The academy will be headed by Alibaba’s Chief Technology Officer Jeff Zhang. Initially, the plan involves opening labs in China, the U.S., Russia, Israel and Singapore and recruiting about 100 acclaimed researchers and scientists from the around the globe.

Alibaba Group Holding Ltd. (NYSE:BABA)
Source: http://docs.alibabagroup.com/assets2/images/en/news/article/p171011a.jpg

The academy will also seek to collaborate with tech talent and educational institutions as well as create an advisory board to provide guidance on key research issues.

According to Alibaba, the program will help the company achieve its goal to generate 100 million job opportunities and serve 2 billion customers in 20 years. It currently has about 25,000 engineers on staff.

“We aim to discover breakthrough technologies that will enable greater efficiency, network security and ecosystem synergy for end-users and businesses everywhere,” Zhang said in a company statement.

D.A. Davidson analyst Gil Luria said the program is part of Alibaba’s bigger version of turning into a global internet leader.

Bloomberg data, meanwhile, showed that Alibaba spent about $6.4 billion on R&D in the past three fiscal years, and this significant increase in investment demonstrates the company’s efforts to keep up with Amazon.com Inc. (NASDAQ:AMZN), Alphabet Inc.’s (NASDAQ:GOOGL) Google and Facebook Inc. (NASDAQ:FB) in AI and cloud computing.

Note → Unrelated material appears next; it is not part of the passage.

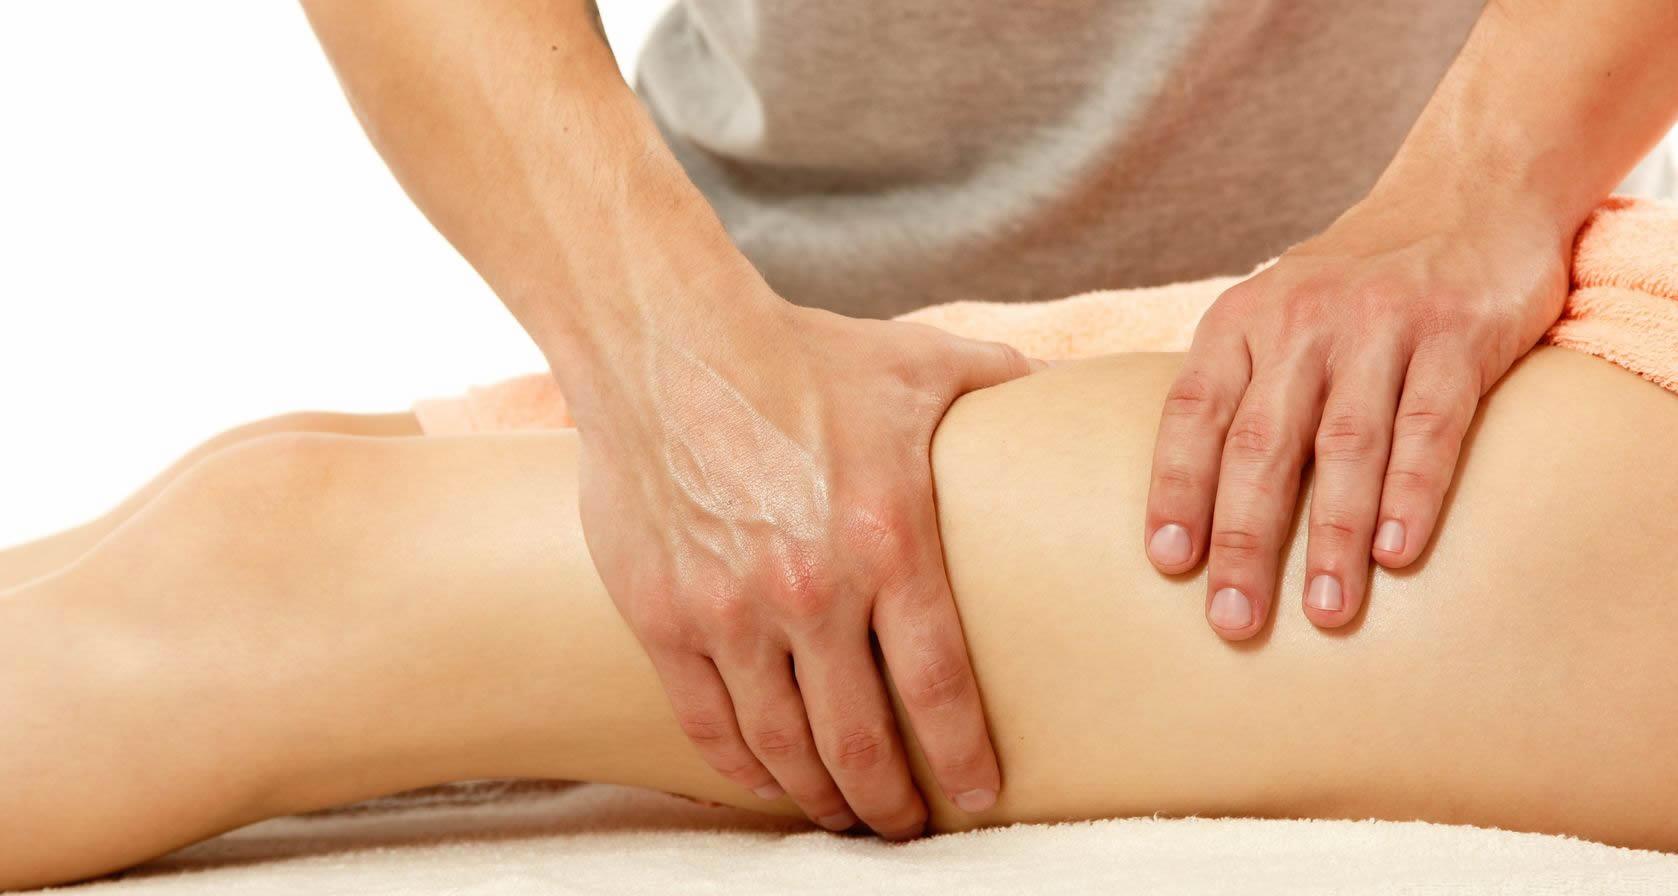 Aqueous Cellulite: Kneading and pressing is the adequate Anti-cellulite massage technique

The company’s stock rose slightly following the announcement.

Cloud Computing Push

Alibaba built up its reputation in the online marketplace and has since widened its reach with major investments in e-commerce platforms Lazada and Tokopedia earlier in the year.

Now, it has set its sights on the pole position in cloud computing.

Driven by its large expansion in the domestic and international markets, Alibaba’s cloud computing unit is on pace to supplant Amazon Web Service as the globe’s number one cloud services provider, according to Simon Hu, head of Alibaba Cloud.

Speaking at a conference in Hangzhou, China, Hu noted that Alibaba has taken on its U.S. rival on all fronts over the past years and some of its products have already topped theirs.

Alibaba entered the cloud services market in 2009 and has risen in the ranks since then.

A study from research firm Gartner found that Alibaba is third behind Amazon and Microsoft Corp. (NASDAQ:MSFT) in the IaaS public cloud services market.

Alibaba ended the latest trading session up 0.87 percent higher at $184.69 per share. The stock has surged over 109 percent so far in the year.